On 2021-11-08, Otto Moerbeek <[email protected]> wrote:
> On Sun, Nov 07, 2021 at 08:13:36PM -0600, Luke Small wrote:
>
>> https://bugs.llvm.org/show_bug.cgi?id=50026
>>
>> I reported it to the llvm people. it is two slightly different quicksort
>> algorithms which perform radically differently. The one which you could
>> assume would take more time, performs MUCH better.
>>
>> I made a custom quicksort algorithm which outperforms qsort by A LOT for
>> sorting an array of around 300 randomly created unsigned characters, which
>> is what I use it for.
>>
>> if you read the report a guy said there's a 10% difference for sorting 3
>> million characters on freebsd, but there's about 40% performance difference
>> on OpenBSD. maybe it's also how the OpenBSD team modified clang to prevent
>> rop chain stuff or something? I'm using a westmere based intell server.
>>
>> it's the same for clang 11.
>>
>> What's the deal?
>
> 1. Your test is too small. I increased the test size to get less error
> in measurement.

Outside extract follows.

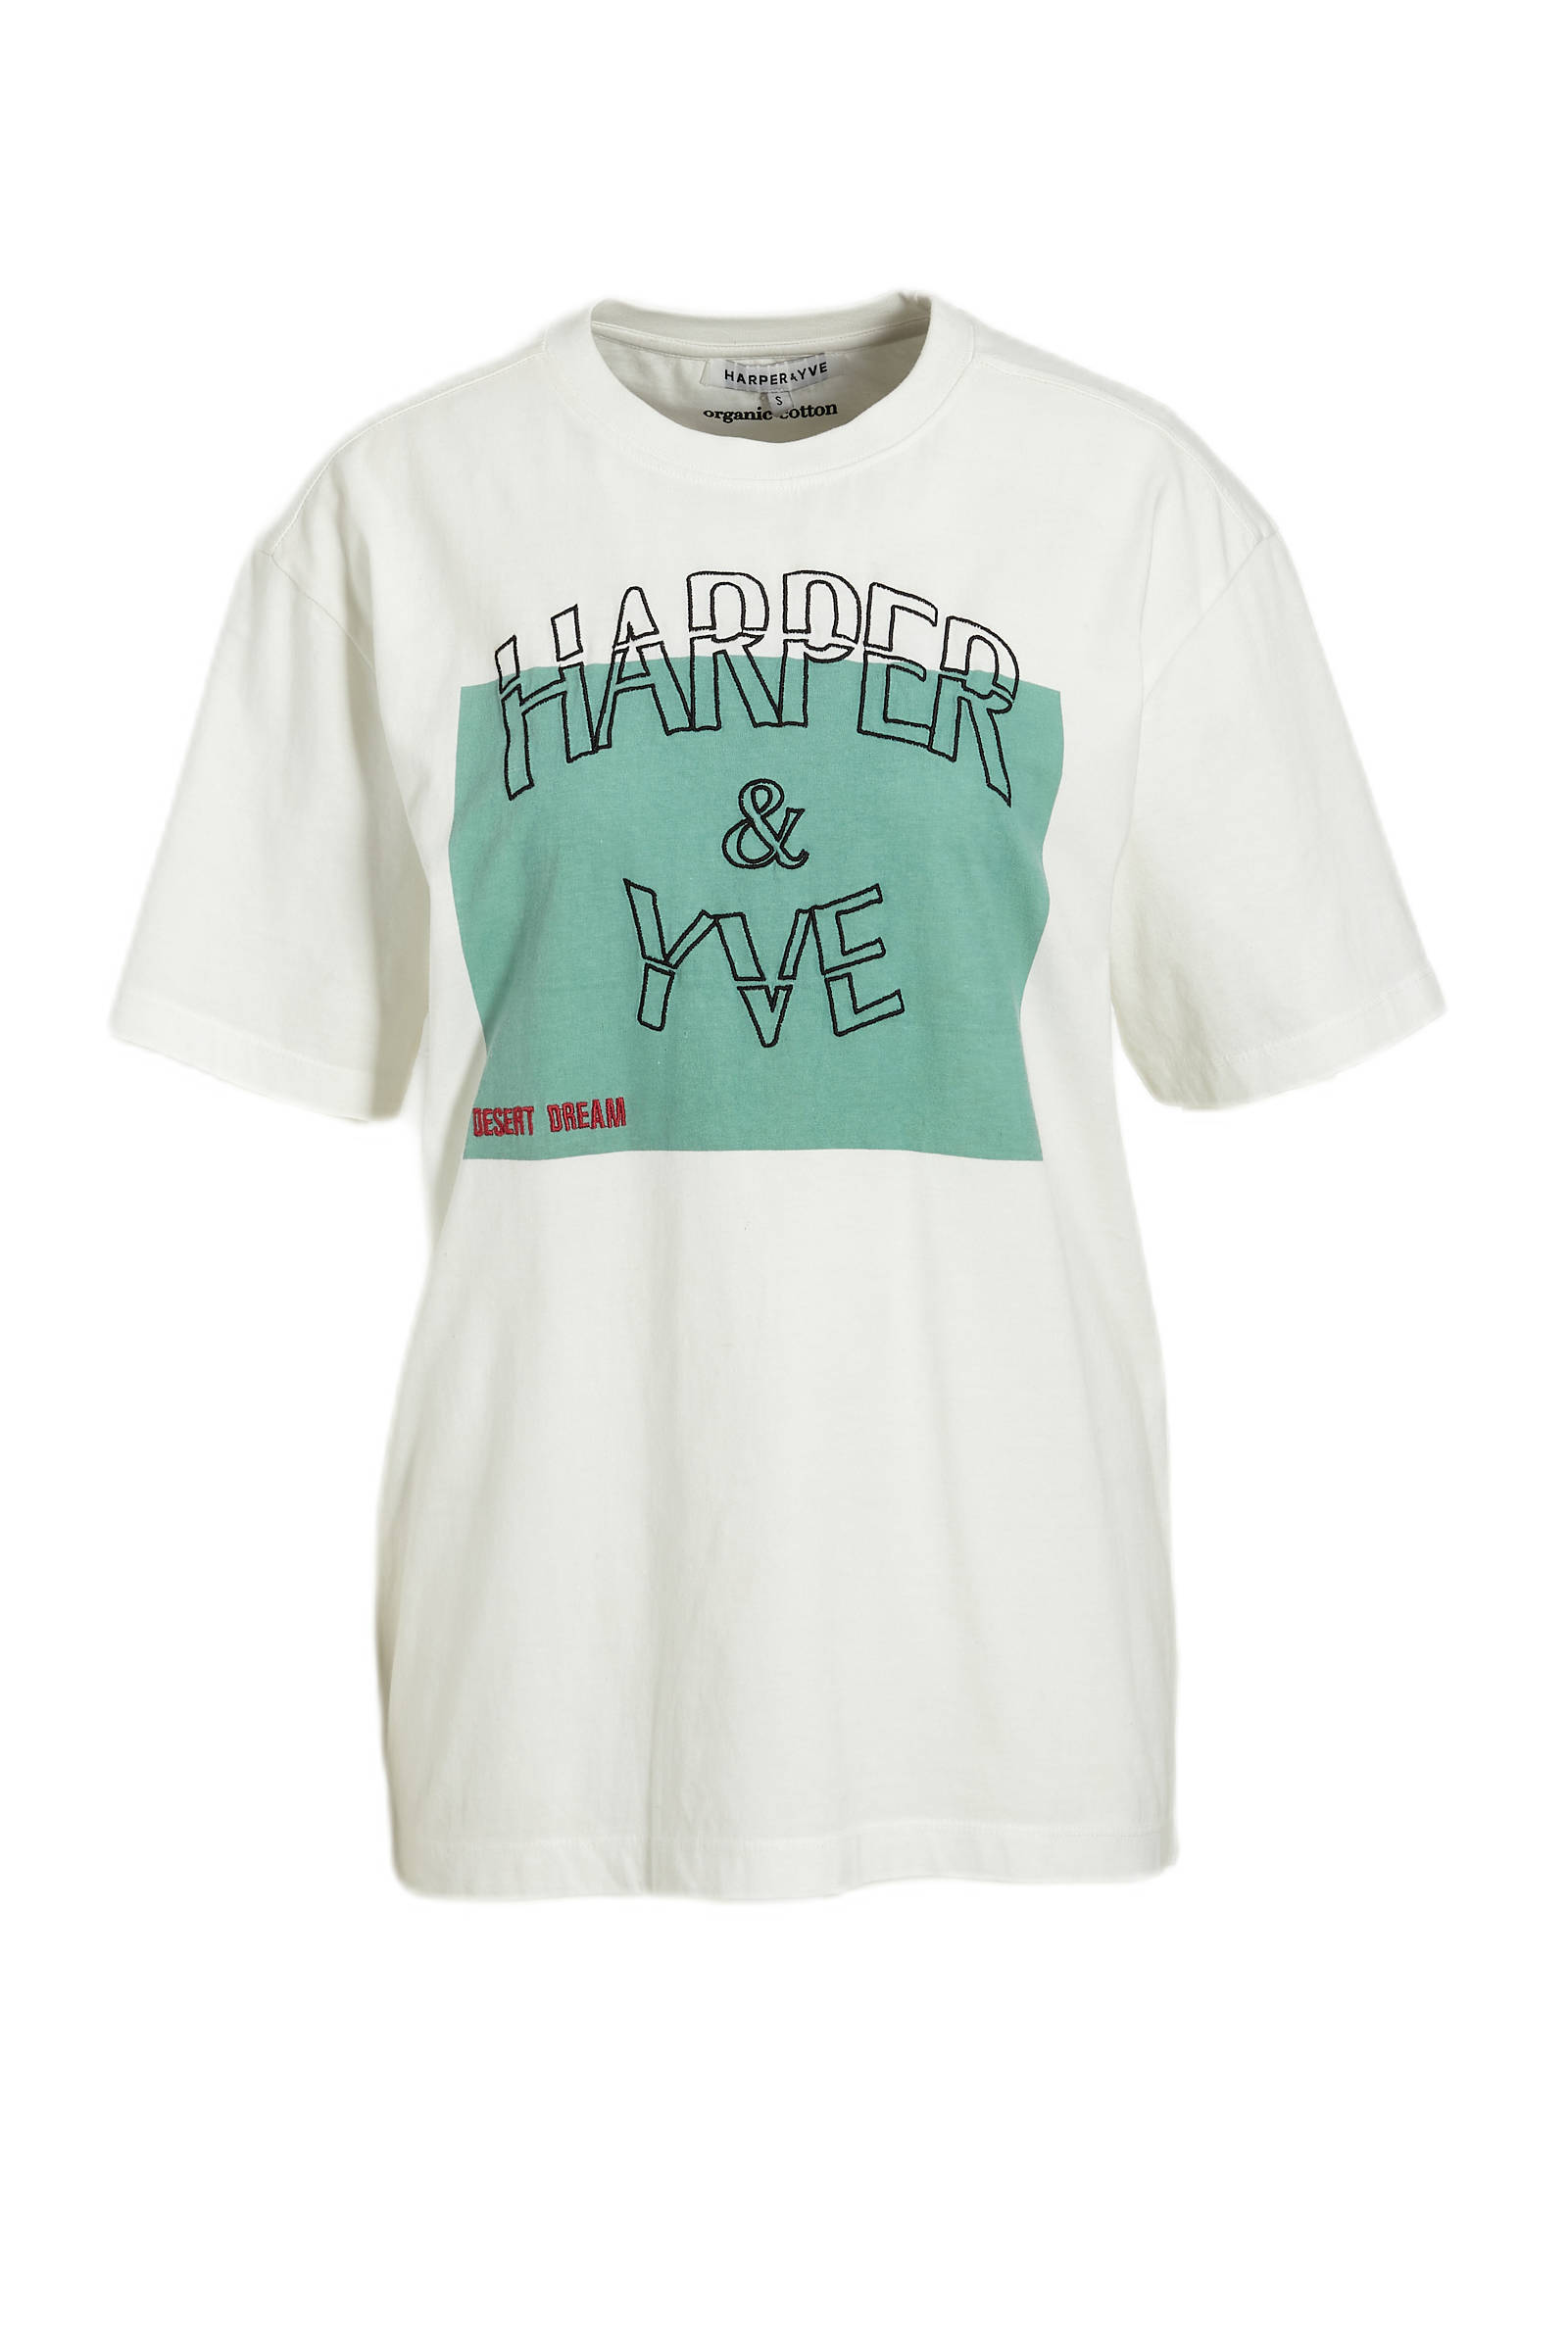 Harper Boven Kleding Dameskleding Tops & T-shirts Blouses

I also changed the code to either run quicksort or
> quicksort depending on an argument.
>
> 2. I confirmed your observation using time on amd64, arm64 however
> shows a difference more in line with expectations:
>
> [otto@mc:8]$ time ./a.out A
> quicksort
> time = 0.335777021
> 0m00.35s real 0m00.35s user 0m00.01s system
> [otto@mc:9]$ time ./a.out B
> quicksort1
> time = 0.345703033
> 0m00.36s real 0m00.36s user 0m00.01s system
>
>
> I suspect some non-optimal decision of the optimizer on amd64 for the
> first quicksort.
>
> A next step could be somebody looking at the code produced by the
> compiler. That is not going to be me.
This is another example of code quite badly affected by fixup-gadgets.
With an increased test size and building separate objects for each of
the two tests and with/without CFLAGS=-fno-fixup-gadgets:
$ for i in quicksort*; do echo $i; time ./$i; done
quicksort
0m02.33s real 0m02.32s user 0m00.00s system
quicksort-no-fixup-gadgets
0m01.29s real 0m01.27s user 0m00.00s system
quicksort1
0m01.06s real 0m00.94s user 0m00.02s system
quicksort1-no-fixup-gadgets
0m01.08s real 0m00.87s user 0m00.01s system